Very impressed by Qwen3.5-397B-A17B-UD-TQ1_0.gguf quant
I normally prefer to use at least 4-bit quants for local inference, but because this model is so massive, I had to go with the smallest one available. I have to admit, the quality of this highly compressed version really surprised me and made me question if my strict 4-bit "rule" is even necessary.
I'm currently using Qwen3.5-397B-A17B-UD-TQ1_0.gguf with llama-server (llama.cpp) and just wanted to share my appreciation for how well this aggressive quantization performs when writing error-free Python code.
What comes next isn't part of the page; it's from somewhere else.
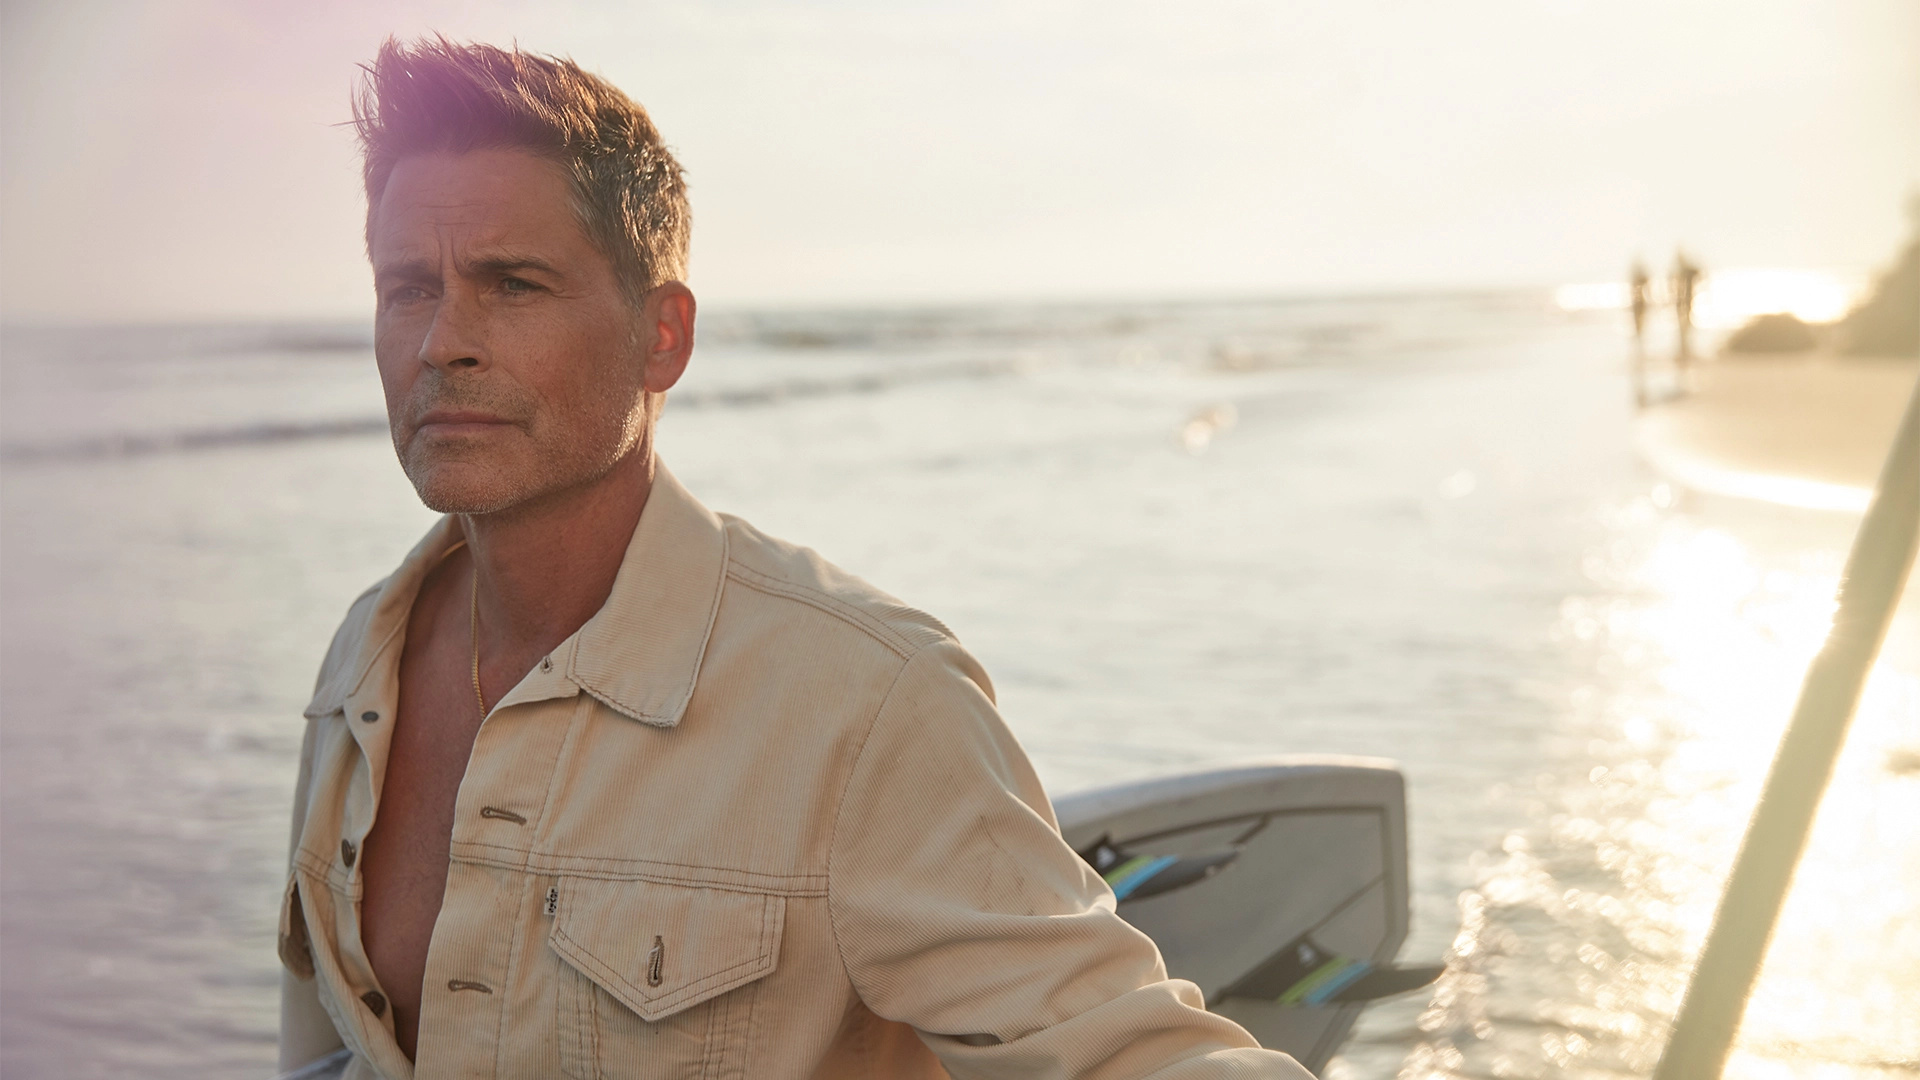 Embraced sobriety, Person he always, Rob Lowe, Variety, 1920x1080 Full HD Desktop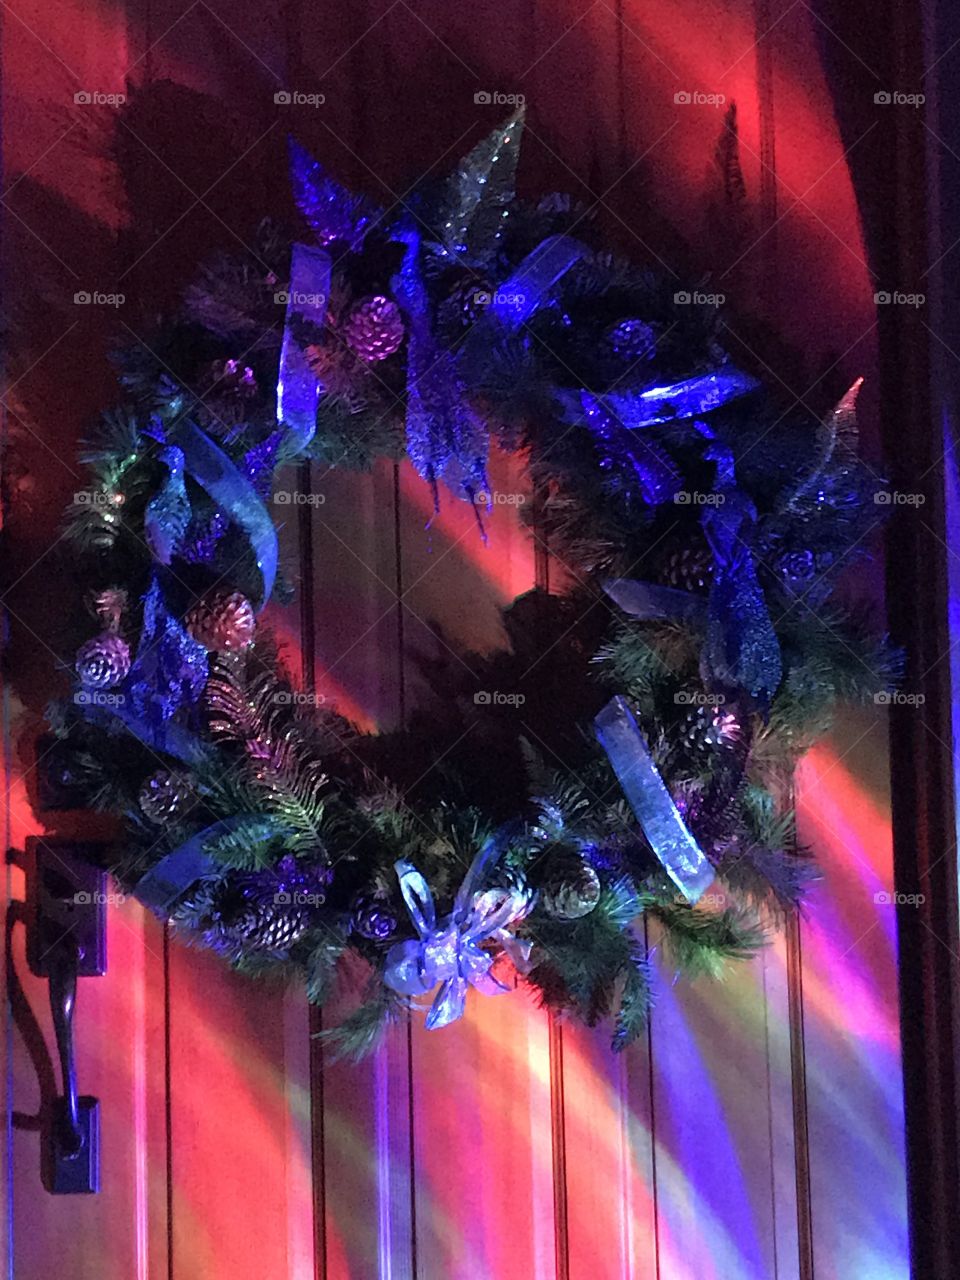 A nighttime shot of the Christmas wreath on my front door with the pink, blue and purple tones of my led projector light shining on the wood door.

I expected to see a lot of mistakes in the generated code, but it's been flawless so far!
Out of all models I ever tried that fit entirely into 96GB VRAM this one is indeed "the best". Its knowledge is noticeably degraded but it's still usable. The largest context size I can run it with is 323072 (94.602Gi/95.593Gi), with 323073 it never finishes loading. In normal use GPU utilization is around 90% (some entirely-gpu models are much lower) and yet power utilization is only 300ish (out of 600W), temperature way below 50°C, tg around 63. Only the benchmark pushes both GPU and POW utilizations to their maximums.
llama-bench -m unsloth_Qwen3.5-397B-A17B-GGUF_Qwen3.5-397B-A17B-UD-TQ1_0.gguf -ctk q8_0 -ctv q8_0 -fa 1
ggml_cuda_init: found 1 CUDA devices:
Device 0: NVIDIA RTX PRO 6000 Blackwell Workstation Edition, compute capability 12.0, VMM: yes
ggml_vulkan: Found 1 Vulkan devices:
ggml_vulkan: 0 = NVIDIA RTX PRO 6000 Blackwell Workstation Edition (NVIDIA) | uma: 0 | fp16: 1 | bf16: 0 | warp size: 32 | shared memory: 49152 | int dot: 0 | matrix cores: KHR_coopmat
| model | size | params | backend | threads | type_k | type_v | fa | test | t/s |
|---|---|---|---|---|---|---|---|---|---|
| qwen35moe ?B IQ1_S - 1.5625 bpw | 87.68 GiB | 396.35 B | CUDA,Vulkan,BLAS | 16 | q8_0 | q8_0 | 1 | pp512 | 1155.78 ± 6.74 |
| qwen35moe ?B IQ1_S - 1.5625 bpw | 87.68 GiB | 396.35 B | CUDA,Vulkan,BLAS | 16 | q8_0 | q8_0 | 1 | tg128 | 62.71 ± 0.14 |
| qwen35moe ?B IQ1_S - 1.5625 bpw | 87.68 GiB | 396.35 B | CUDA,Vulkan,BLAS | 16 | q8_0 | q8_0 | 1 | tg128 | 62.71 ± 0.14 |
Thank you. This data-point gives me certainty of the value proposition of a pro 6000 for me.
There's a quality of response I see in >10B active parameters that I think holds that emergent thing I feel is the spark of intelligence, not just better-training.